*** Recorded data ***
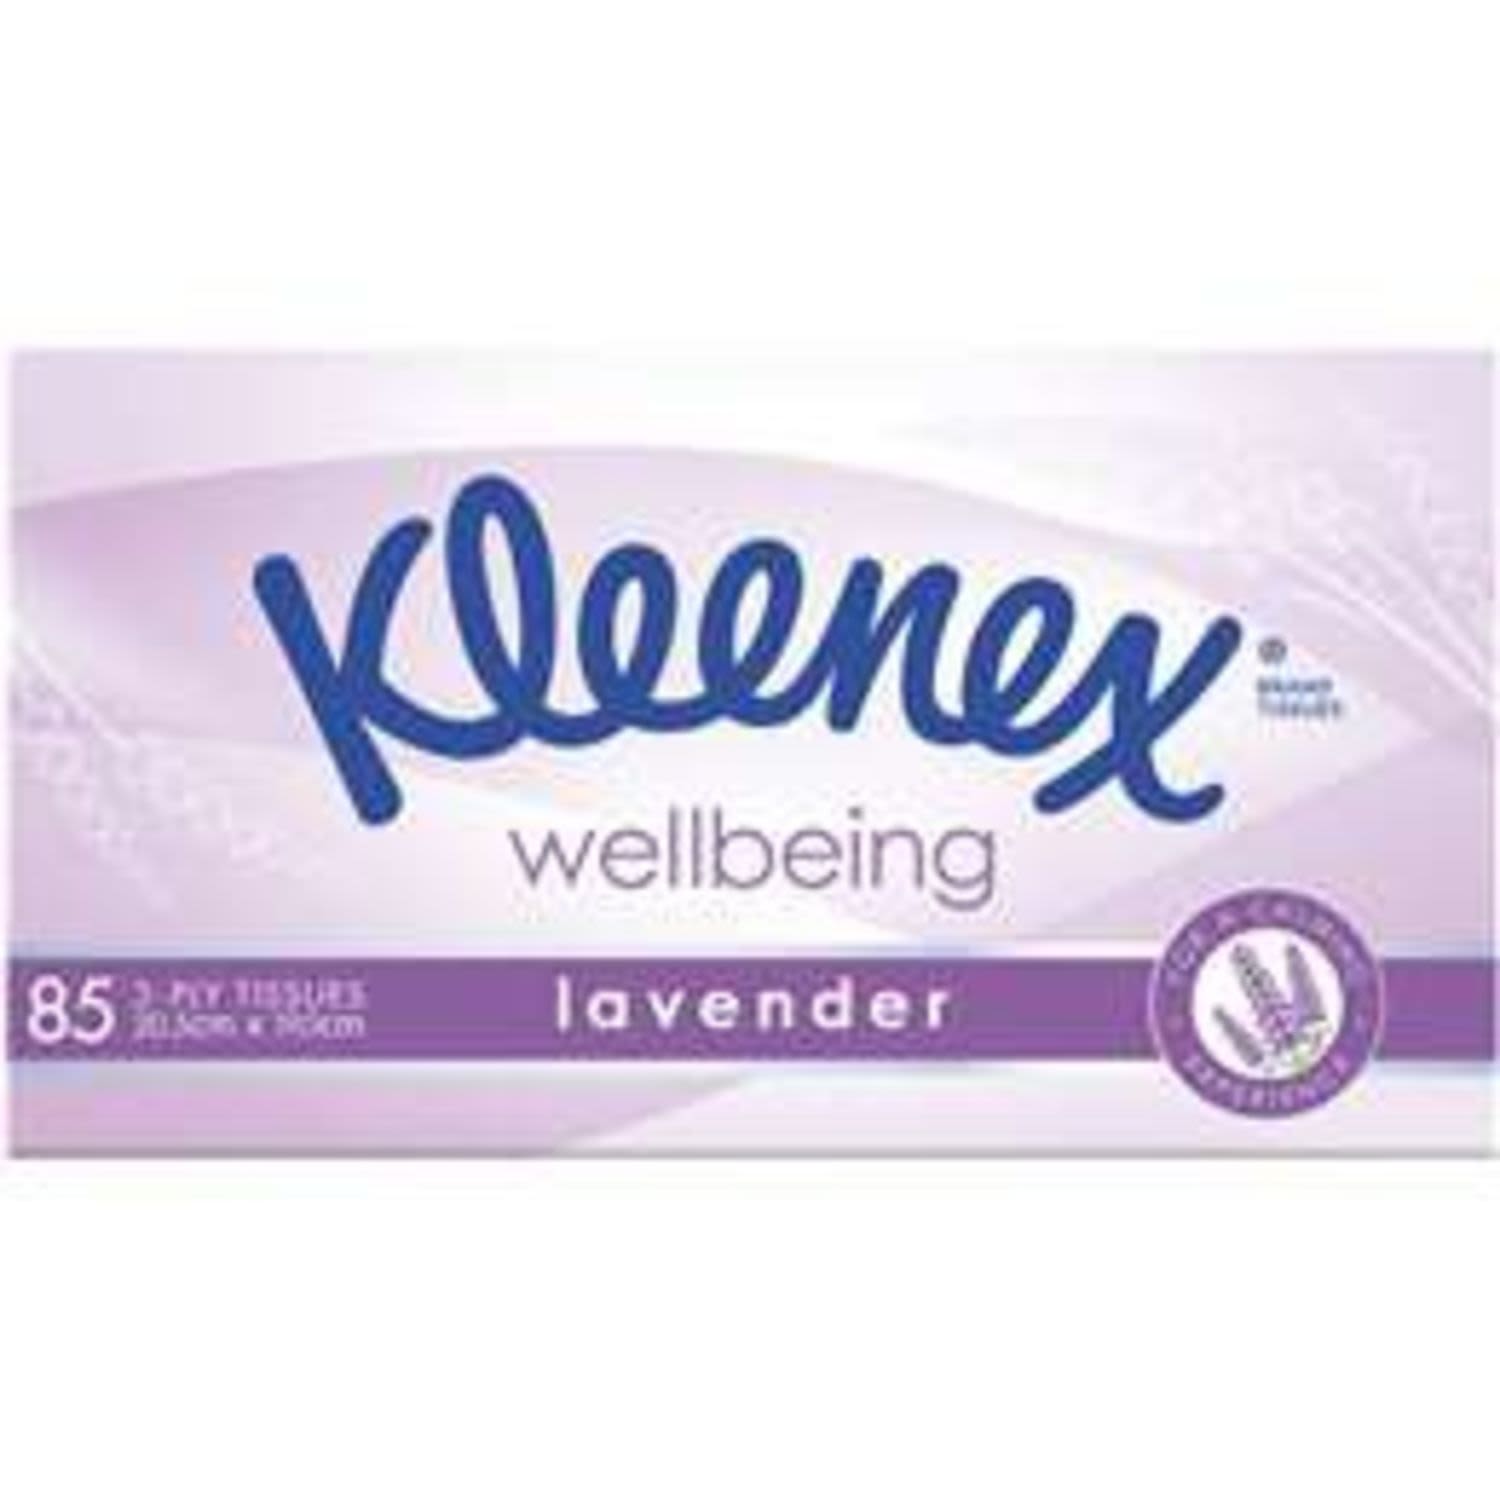 Kleenex Lavender Facial Tissues, 85 Each
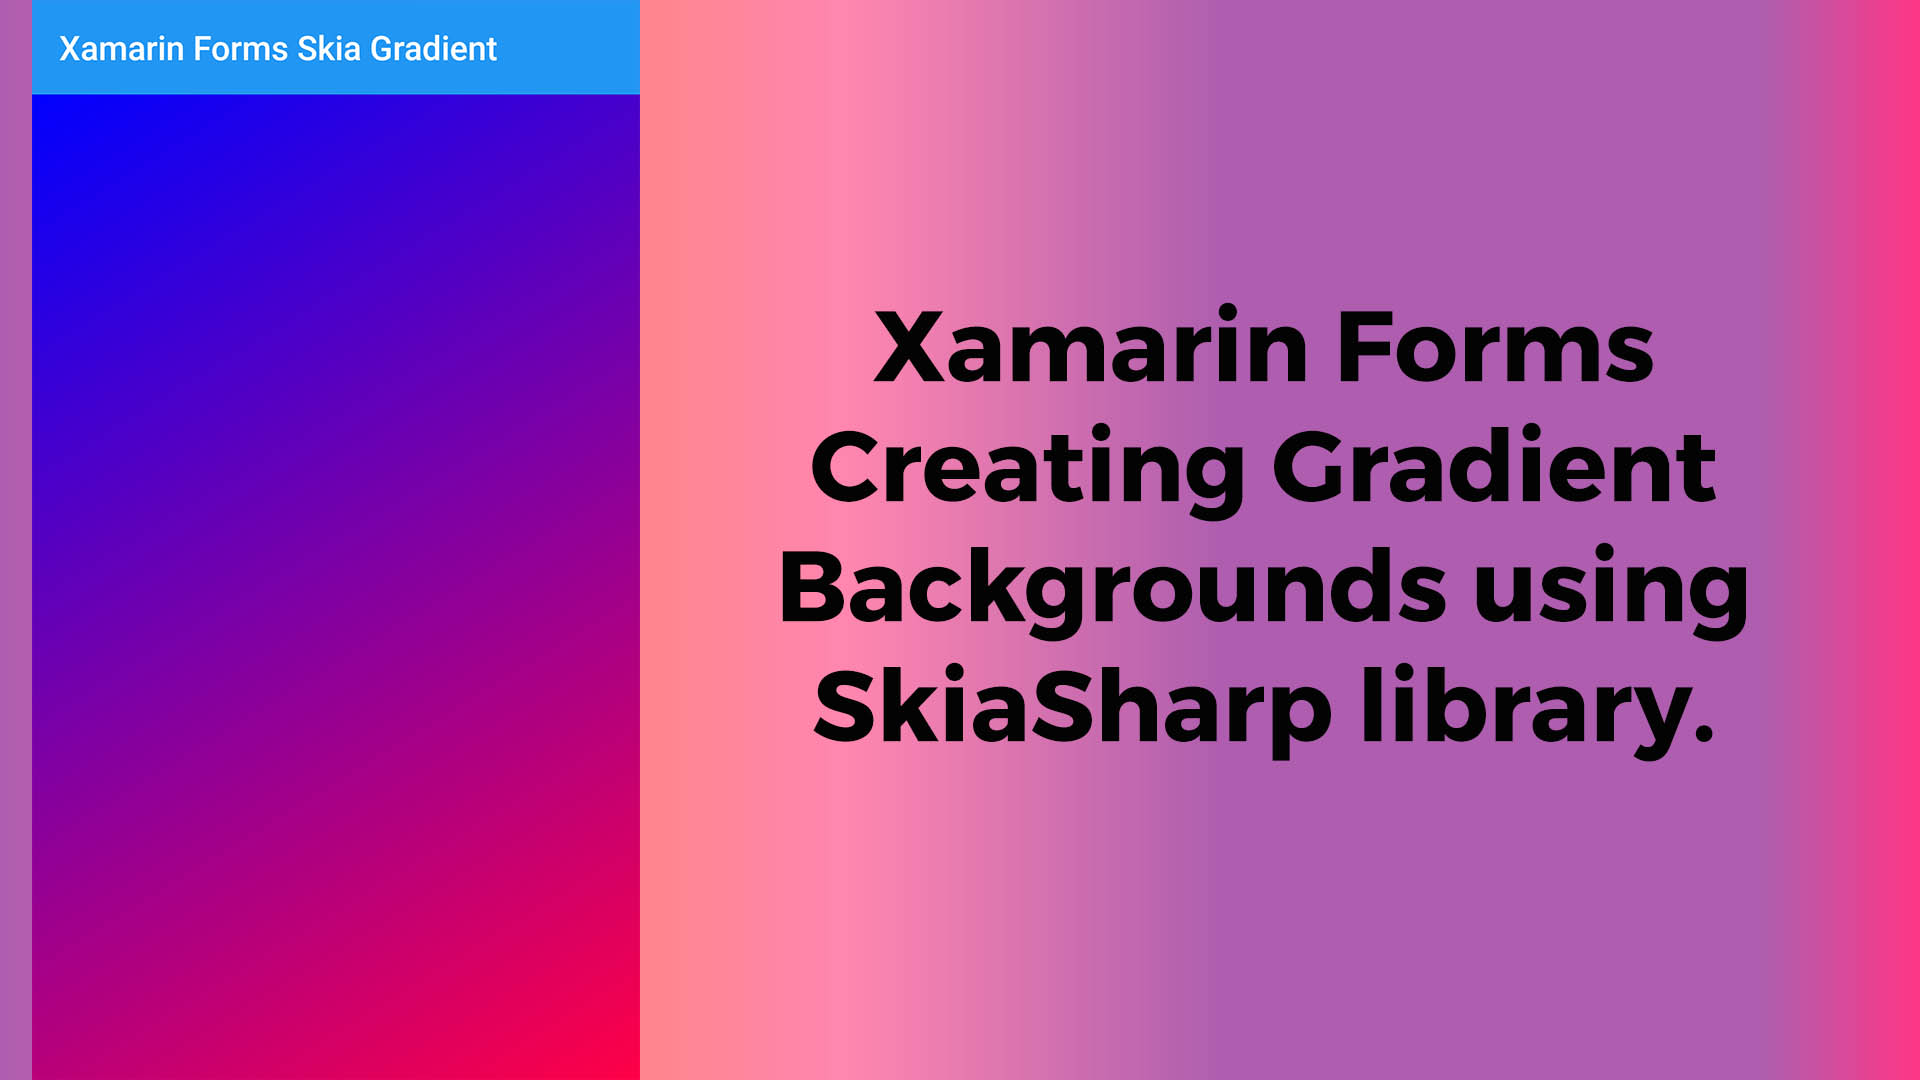 Xamarin Forms Skiasharp Gradient Backgrounds sẽ mang lại cho ứng dụng của bạn sự tươi mới và hấp dẫn hơn bao giờ hết. Không những mang lại hiệu ứng đẹp mắt, các hình nền này còn giúp cho việc tương tác của người dùng với ứng dụng trở nên đơn giản và thuận tiện hơn.
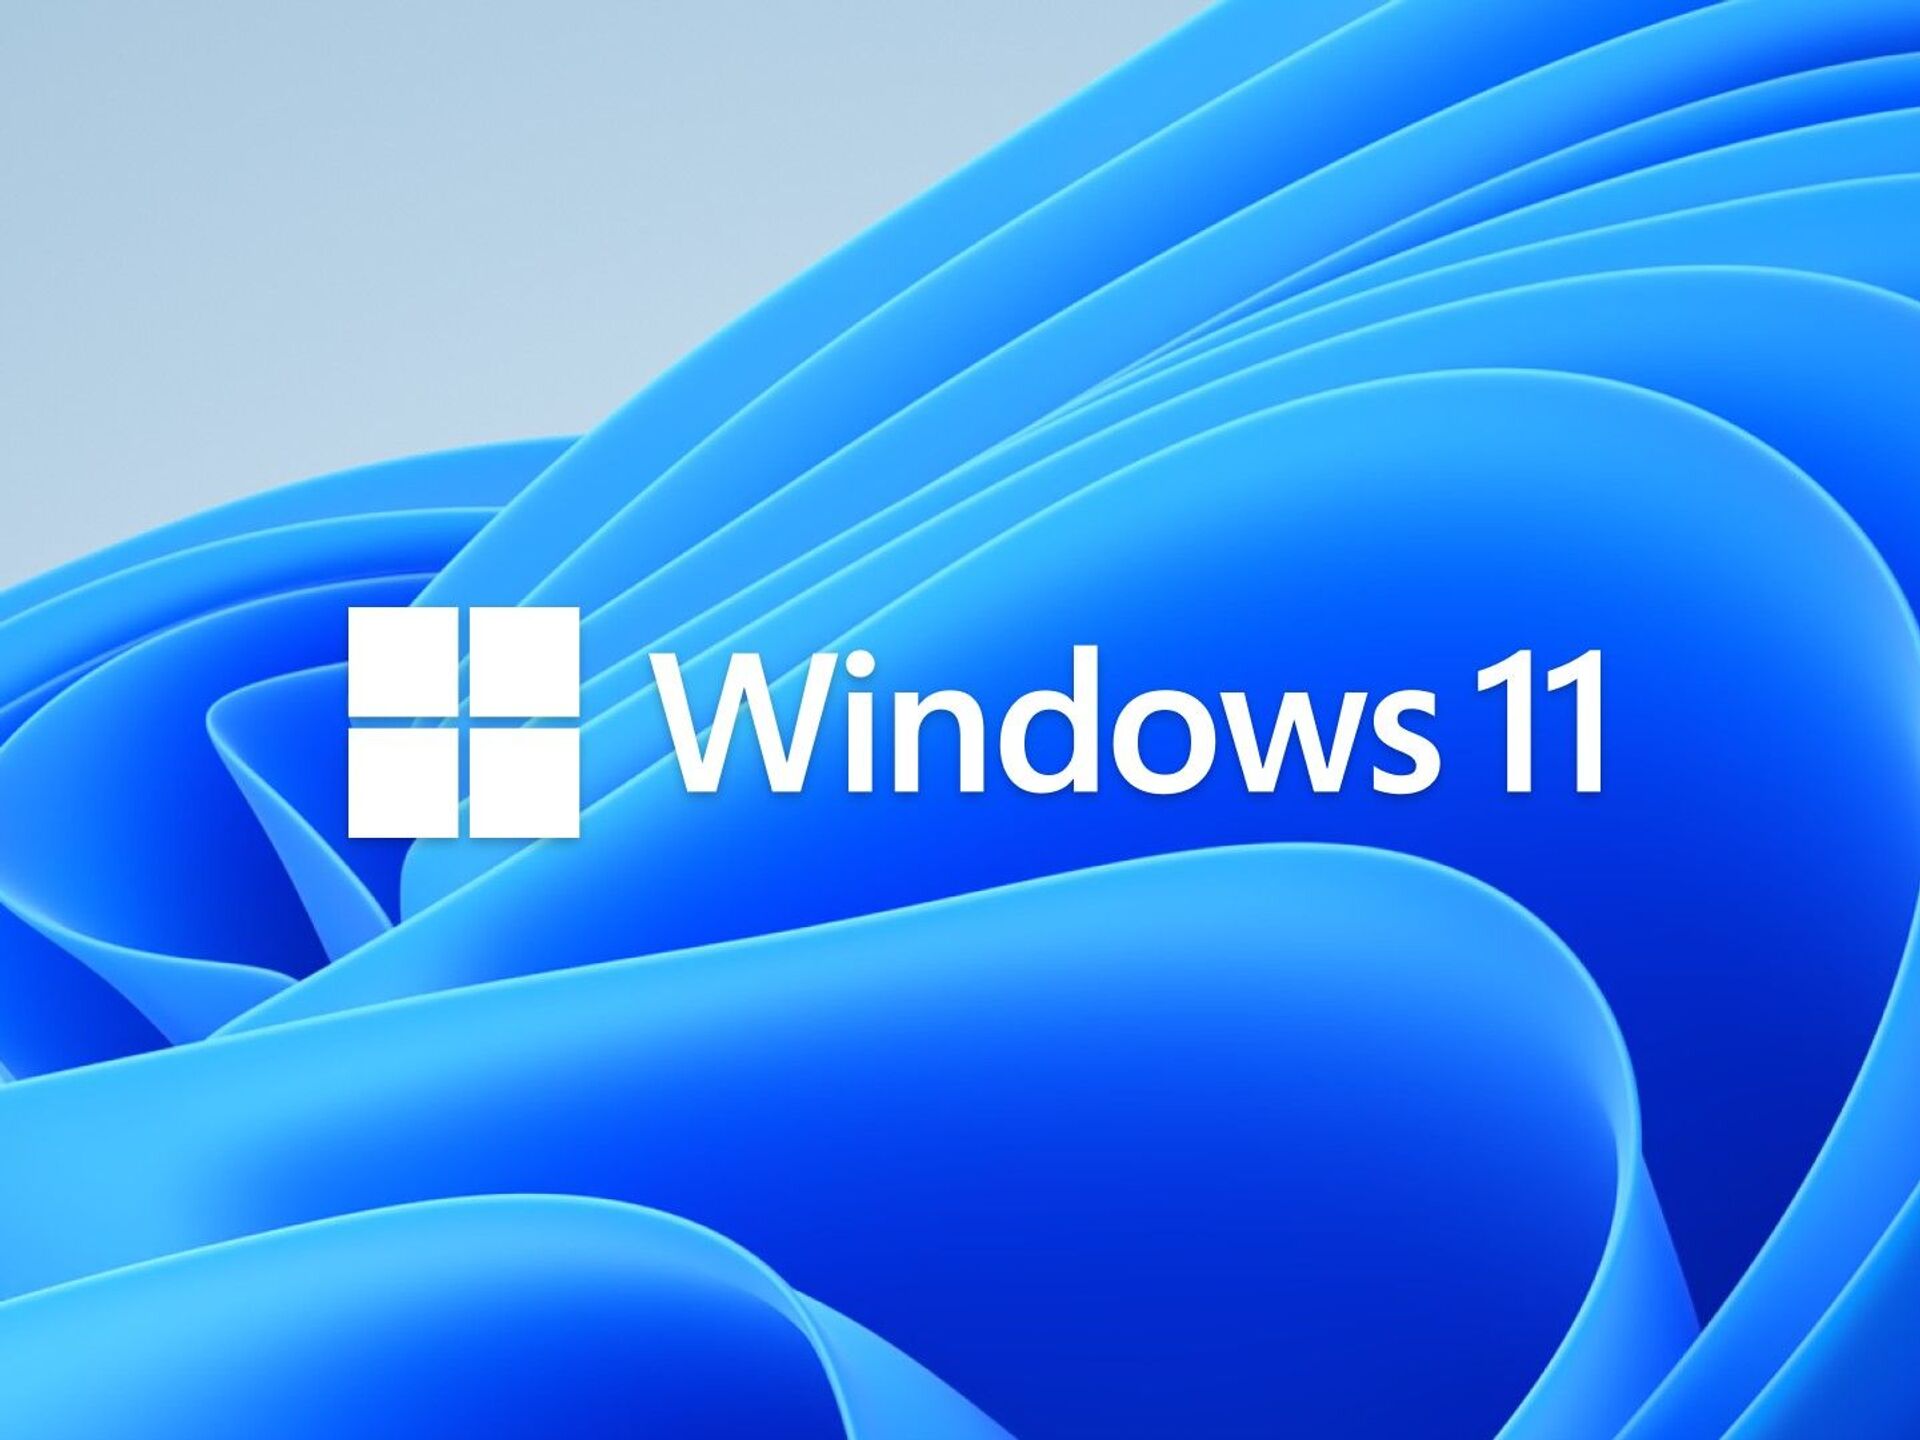 Khám phá tính năng bí mật thú vị trên Windows 11 và đón chờ những điều kỳ diệu đang chờ đợi trong tương lai. Xem thêm hình ảnh đại diện cho các tính năng mới và hấp dẫn nhất của Windows 11 ngay!
*** End of Recorded data ***
# Required action
Pictures are not part of the answer, which must be the exact lines from the one holding "Xamarin Forms Skiasharp" through the end of the material, both ends included.

# Response
 Xamarin Forms Skiasharp Gradient Backgrounds sẽ mang lại cho ứng dụng của bạn sự tươi mới và hấp dẫn hơn bao giờ hết. Không những mang lại hiệu ứng đẹp mắt, các hình nền này còn giúp cho việc tương tác của người dùng với ứng dụng trở nên đơn giản và thuận tiện hơn.
 Khám phá tính năng bí mật thú vị trên Windows 11 và đón chờ những điều kỳ diệu đang chờ đợi trong tương lai. Xem thêm hình ảnh đại diện cho các tính năng mới và hấp dẫn nhất của Windows 11 ngay!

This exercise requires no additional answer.